__ABOUT THIS EXERCISE__: All of the data is to be written out again exactly, without the pictures.

__MATERIAL PROVIDED__:

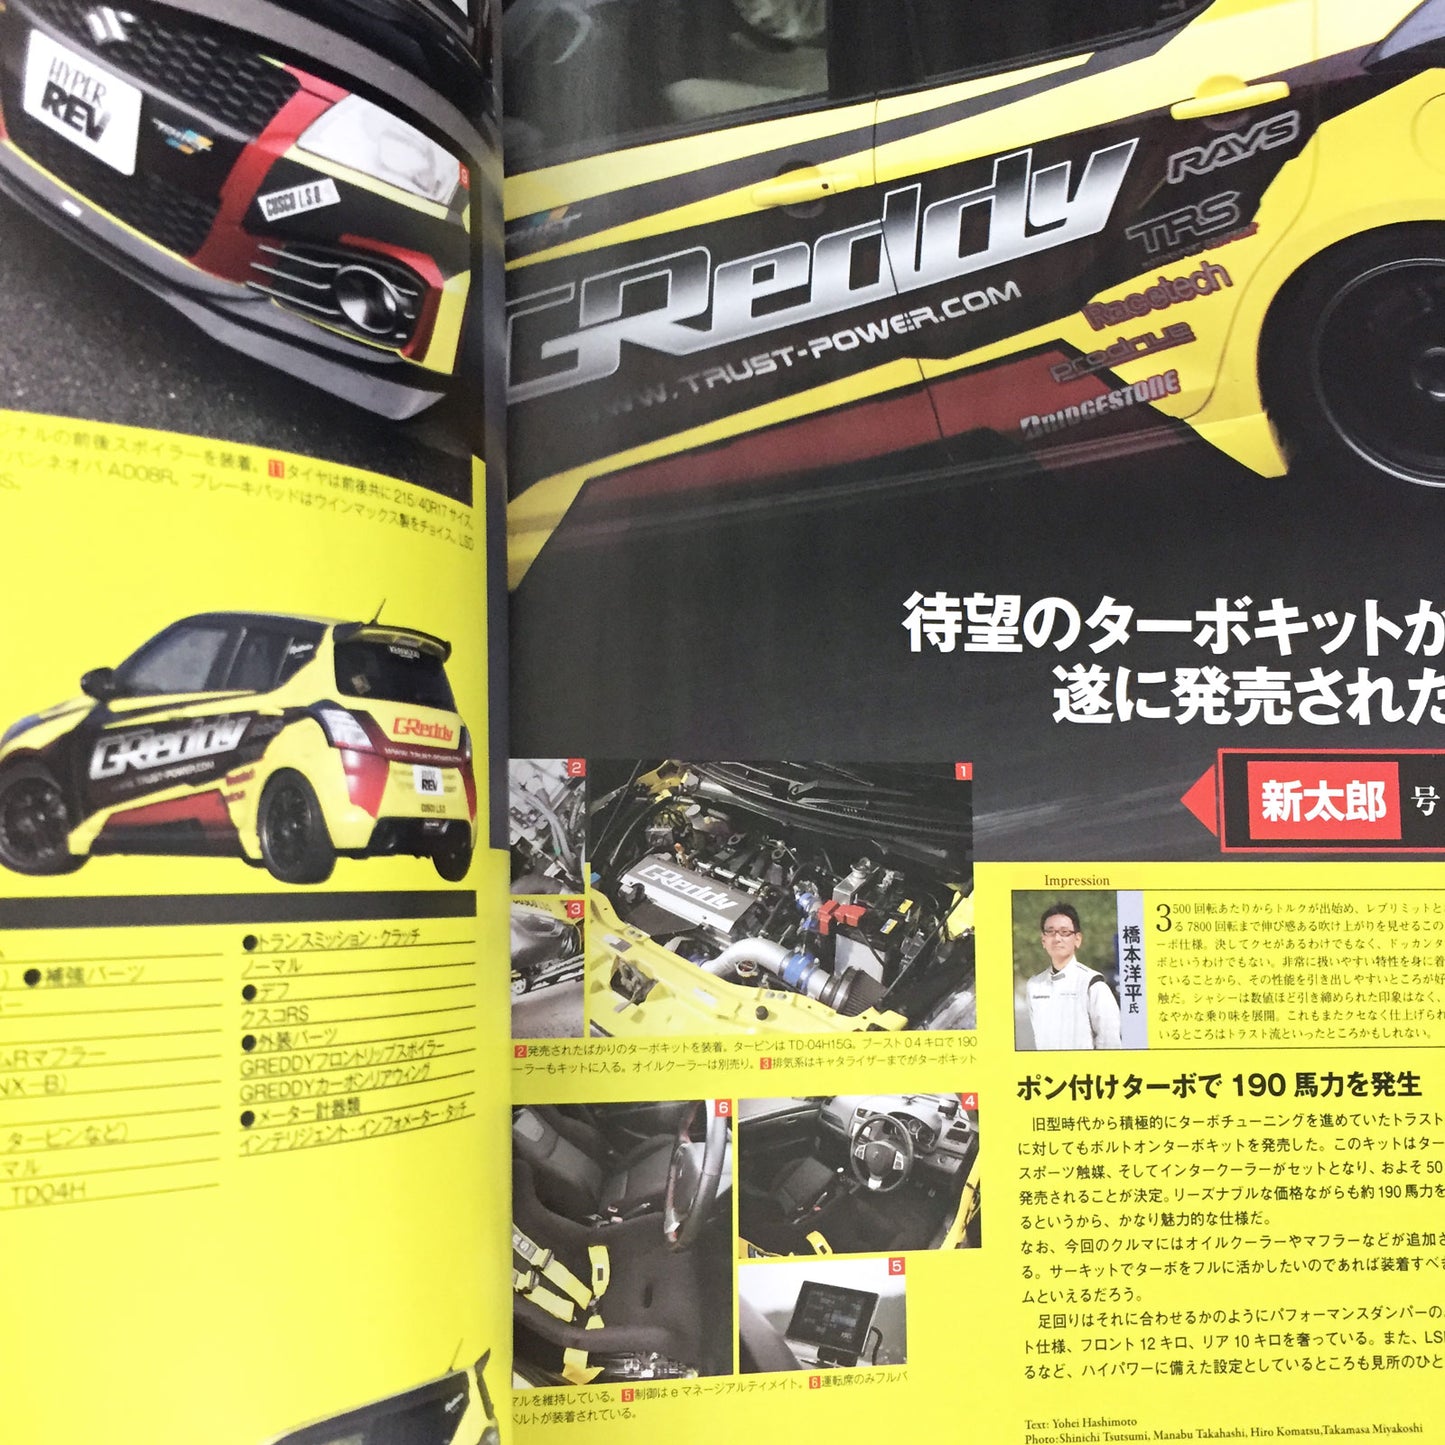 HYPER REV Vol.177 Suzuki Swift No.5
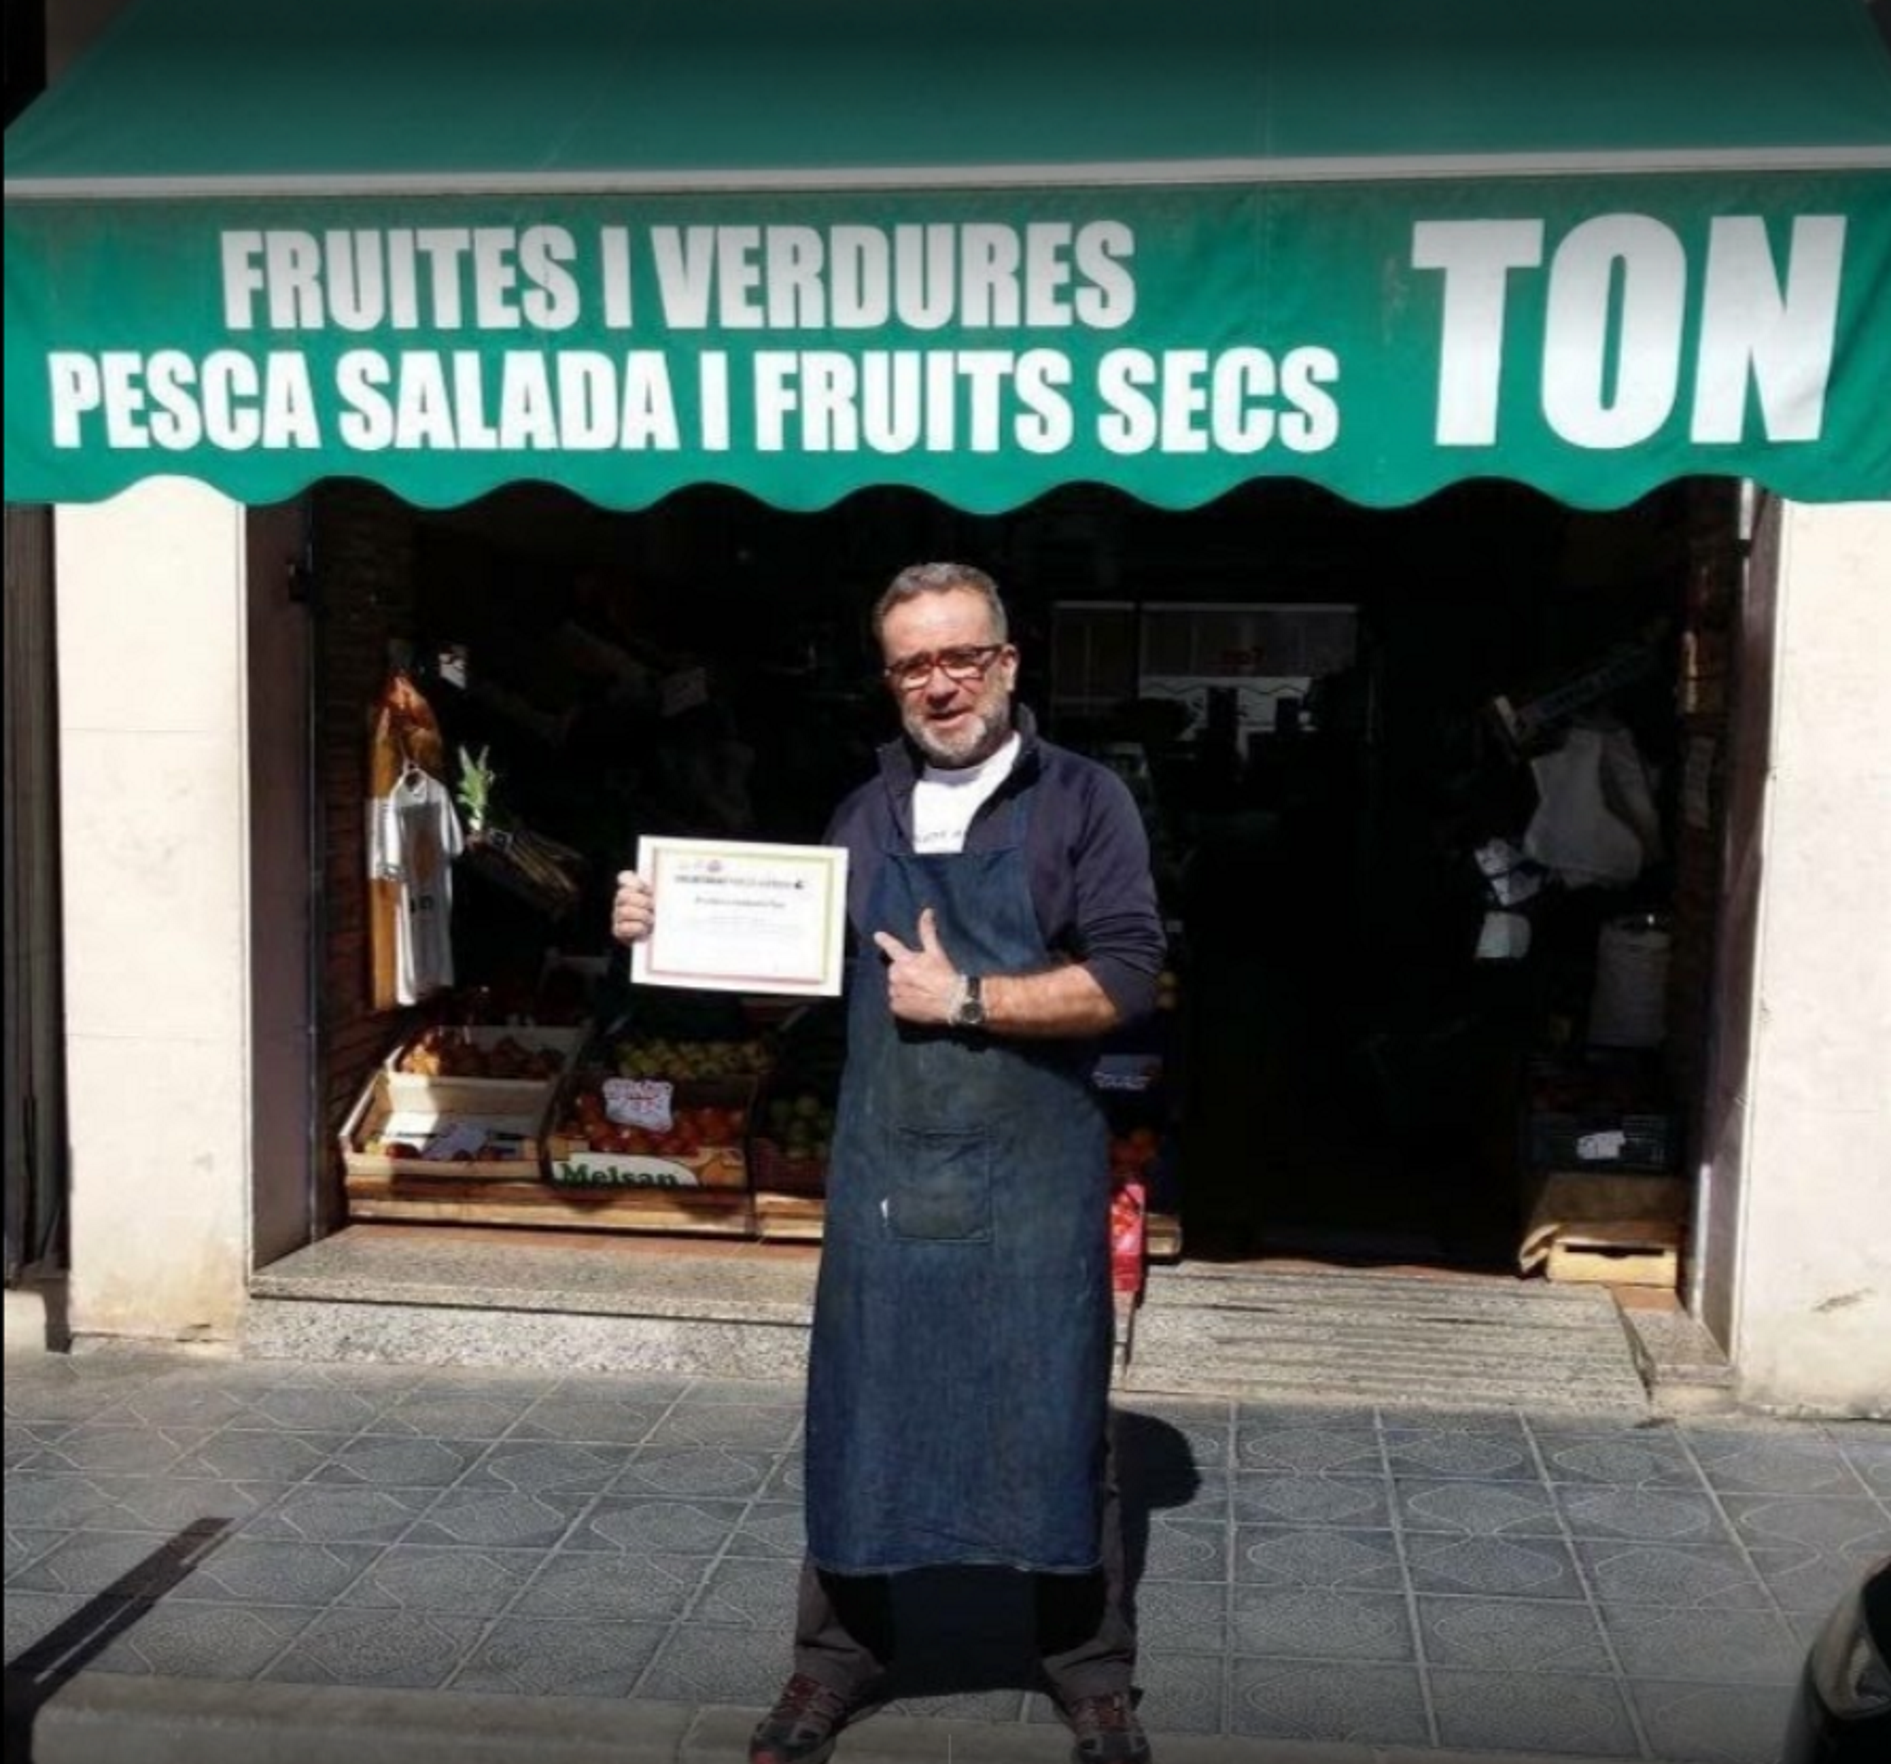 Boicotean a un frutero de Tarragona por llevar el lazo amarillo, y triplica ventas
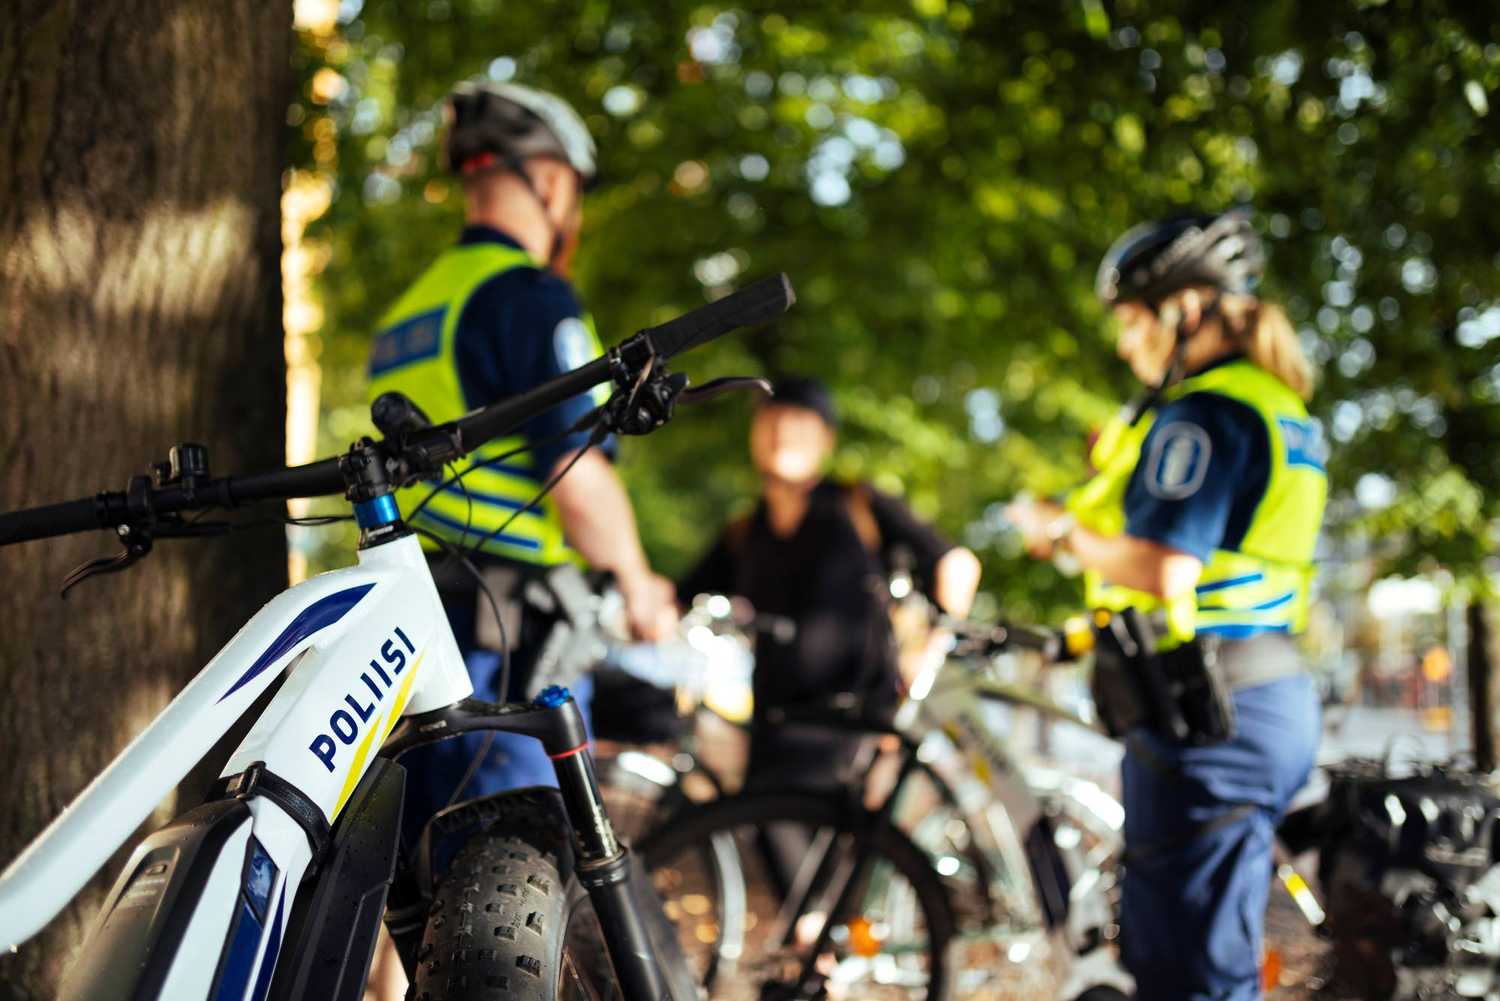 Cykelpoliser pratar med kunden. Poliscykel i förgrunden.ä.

__YOUR RESPONSE__:
 HYPER REV Vol.177 Suzuki Swift No.5
 Boicotean a un frutero de Tarragona por llevar el lazo amarillo, y triplica ventas
 Cykelpoliser pratar med kunden. Poliscykel i förgrunden.ä.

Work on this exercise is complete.